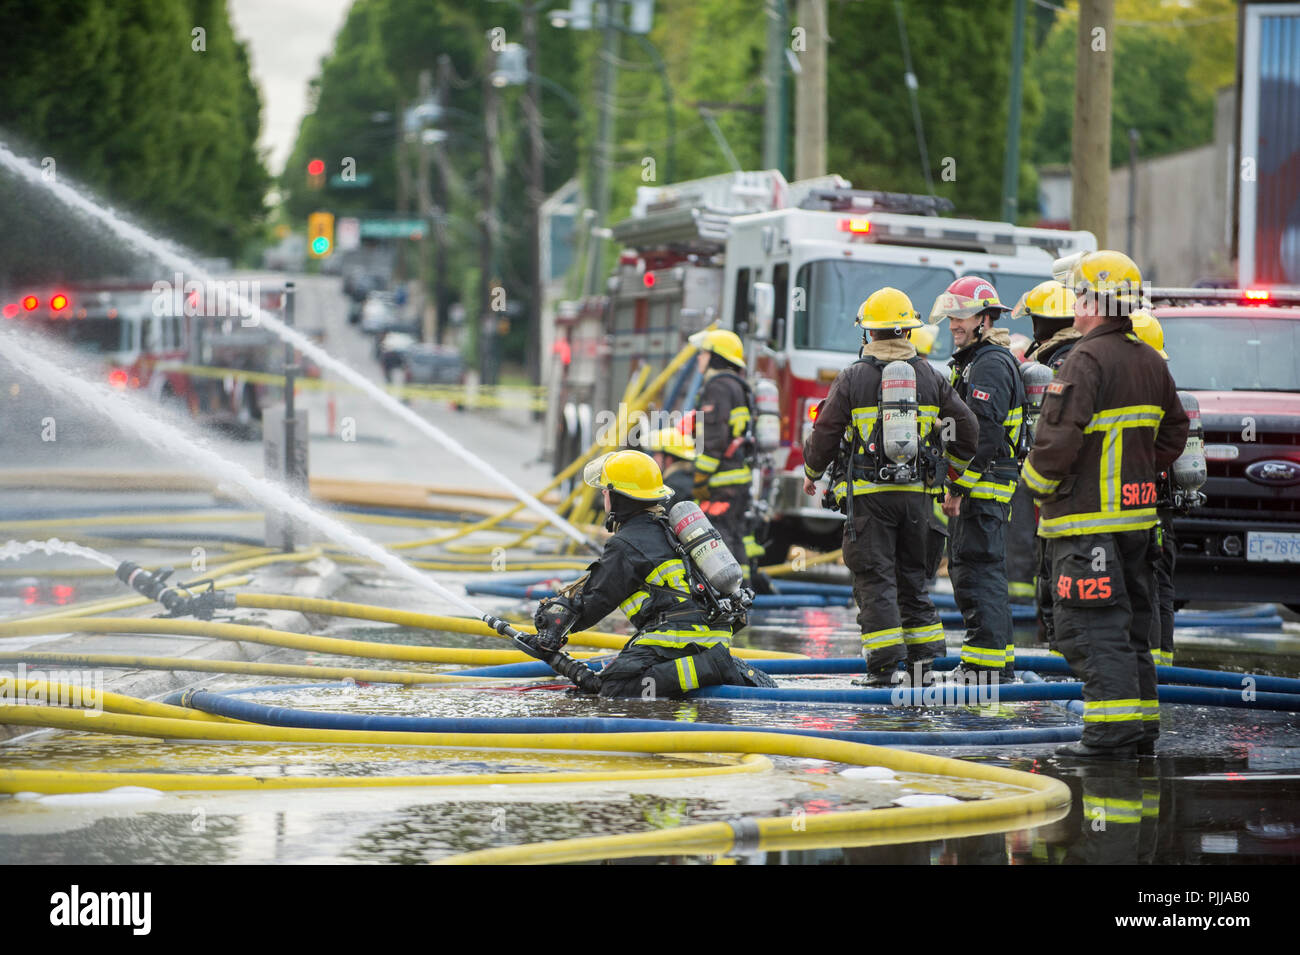 Emergency fire trucks and firemen at the scene of a house fire, Vancouver City, Stock Photo
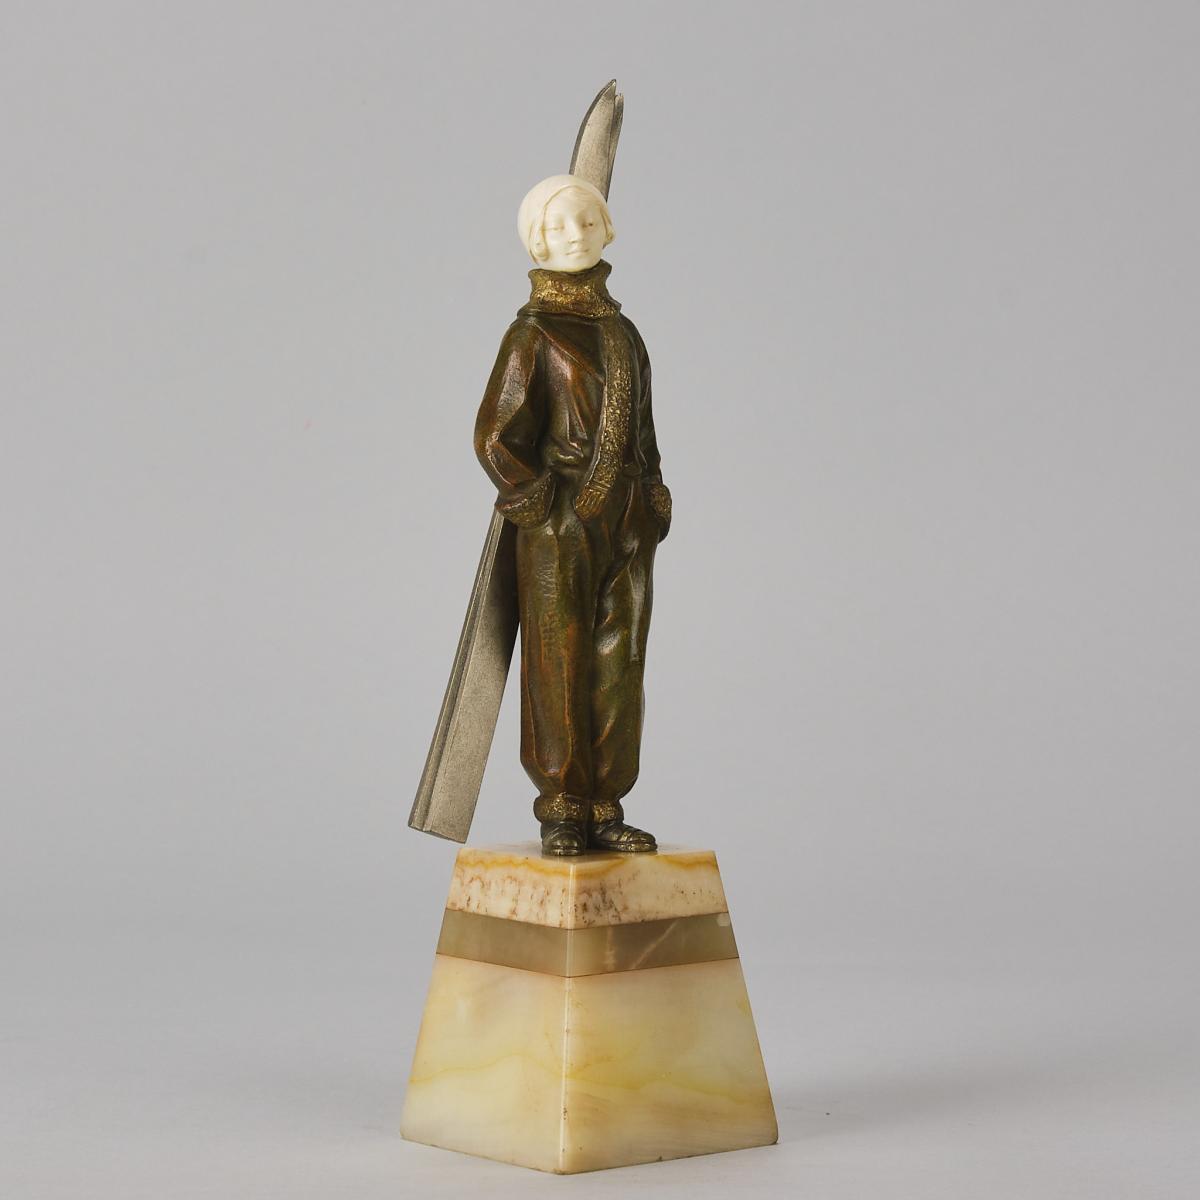 Early 20th Century Chryselephantine Sculpture entitled "Girl Skier" by Louis Sosson
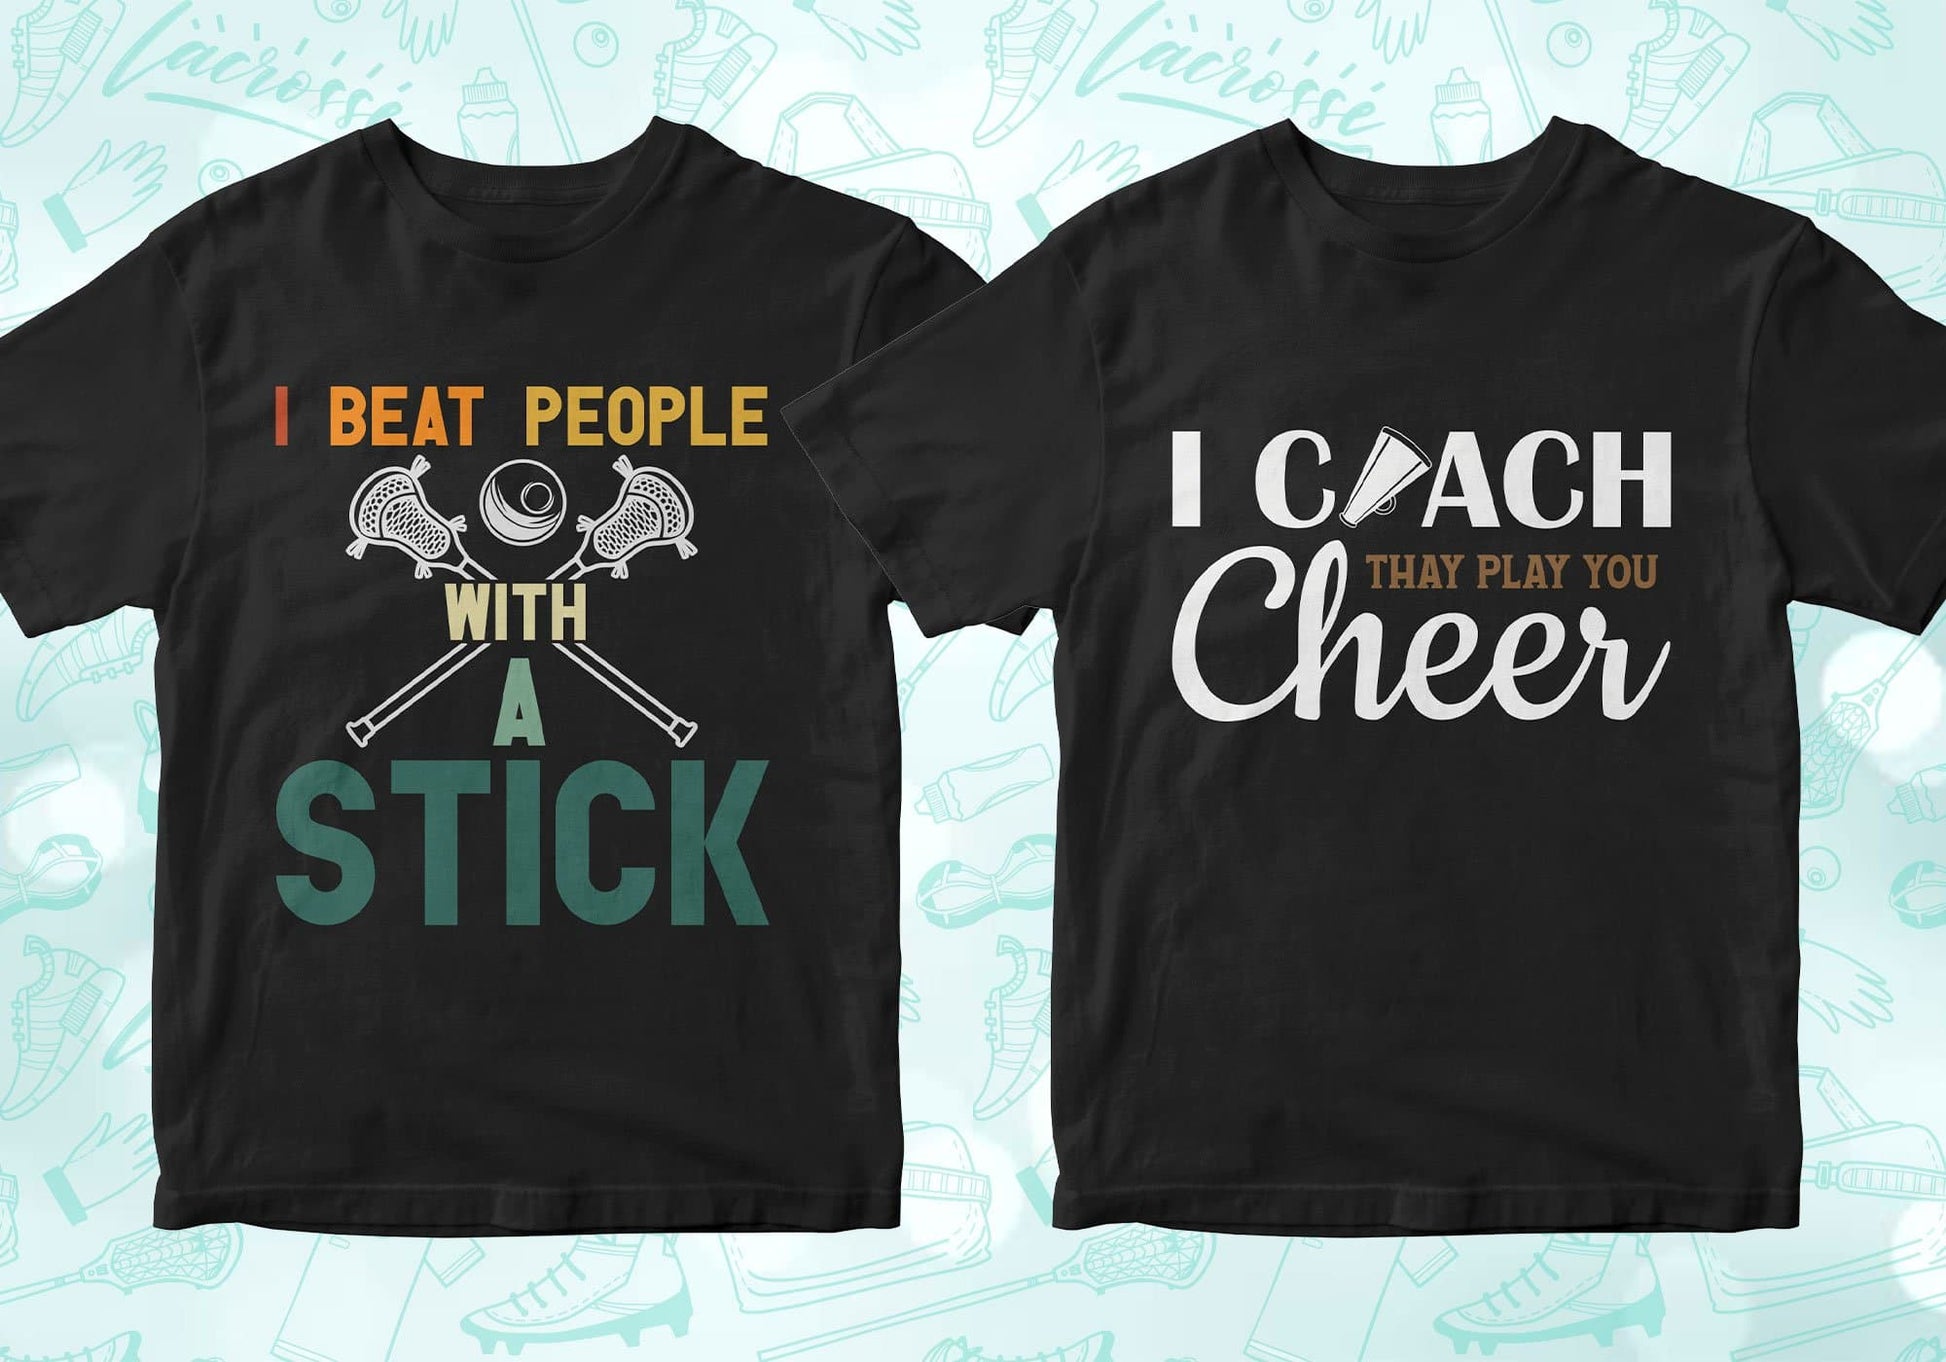 i beat people with a stick, i coach they play you cheer, lacrosse shirts lacrosse tshirt lacrosse t shirts lacrosse shirt designs lacrosse graphic
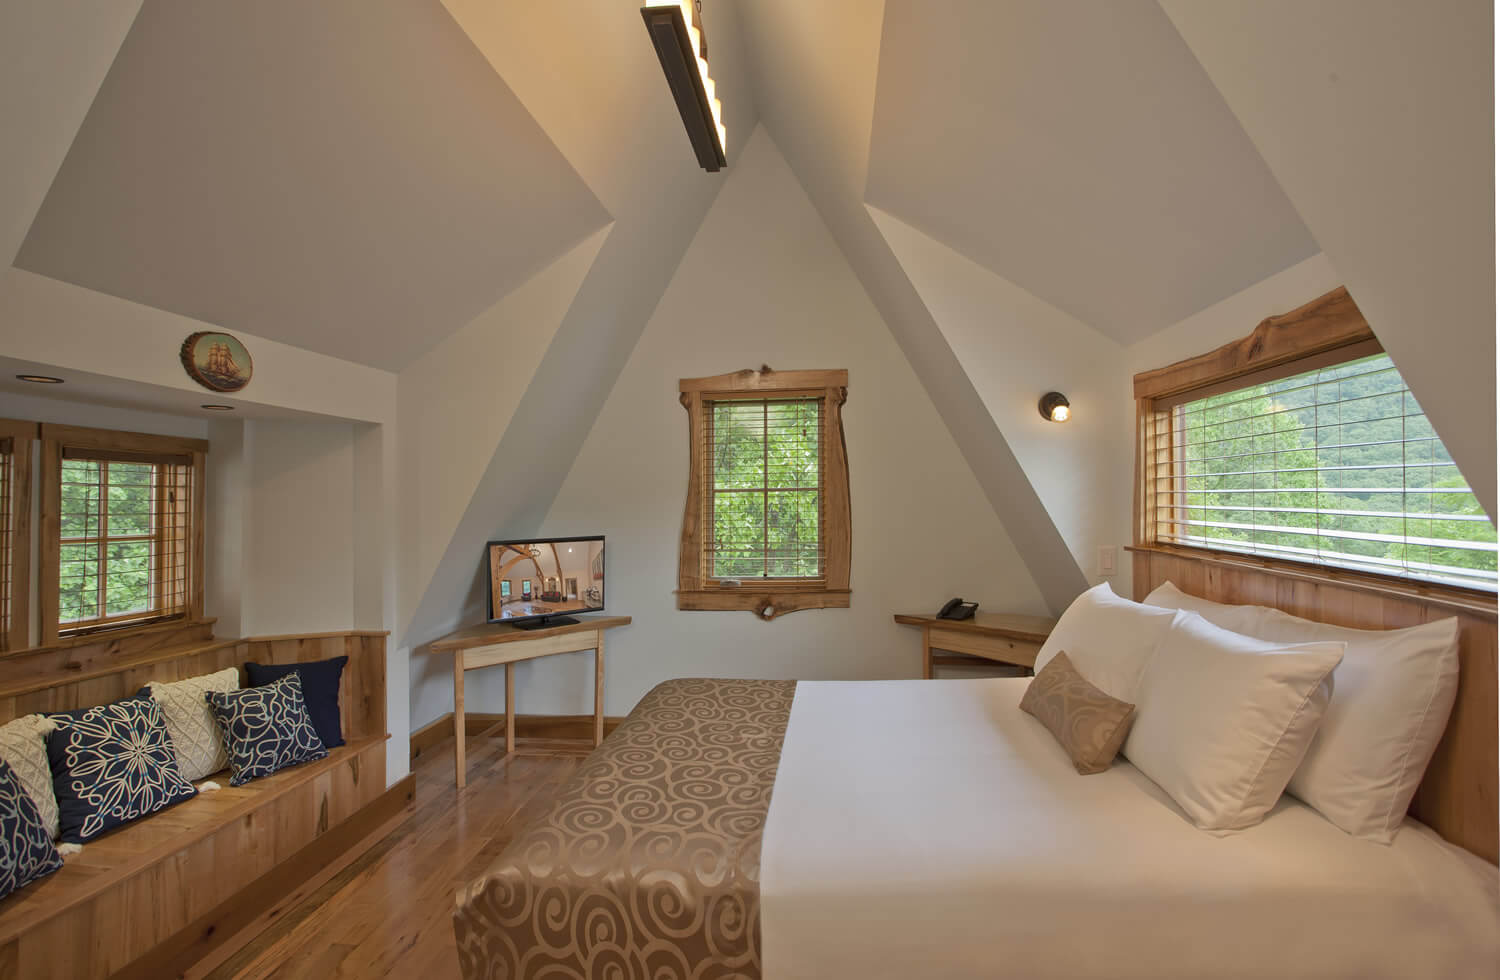 Cozy room with light blue walls and steep sloped roof. One queen bed and build-in bench with many soft pillows.
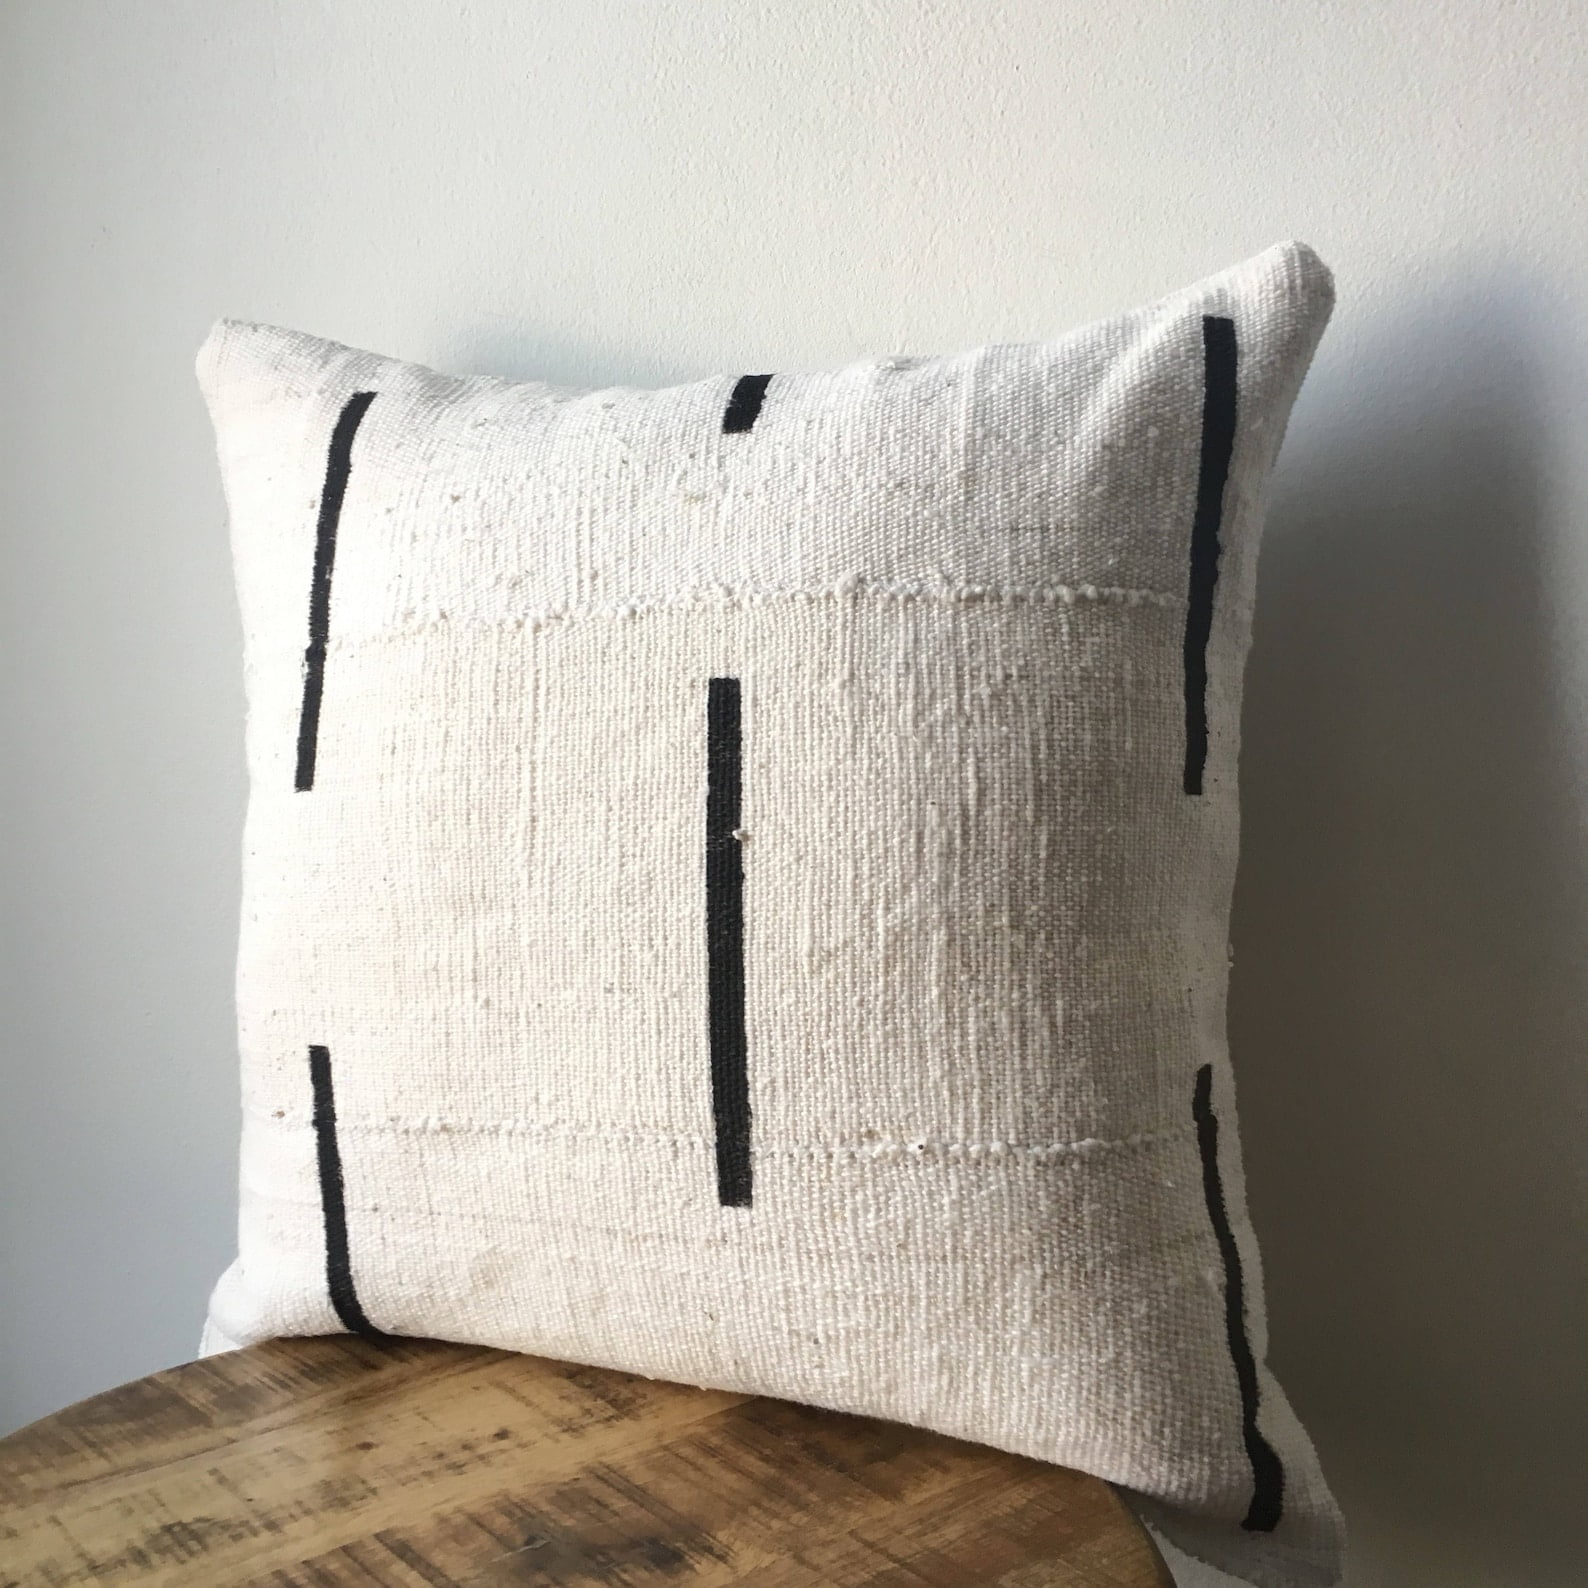 black and white couch pillows - DOUBLE SIDED with Insert - White with Black Dashed Lines

· · · ·

# Task statement:
Your output should be the lines from the line containing "Cozy room with" through the last line of the listing above, restated exactly, with no pictures among them.

# Reply to the task:
 Cozy room with light blue walls and steep sloped roof. One queen bed and build-in bench with many soft pillows.
 black and white couch pillows - DOUBLE SIDED with Insert - White with Black Dashed Lines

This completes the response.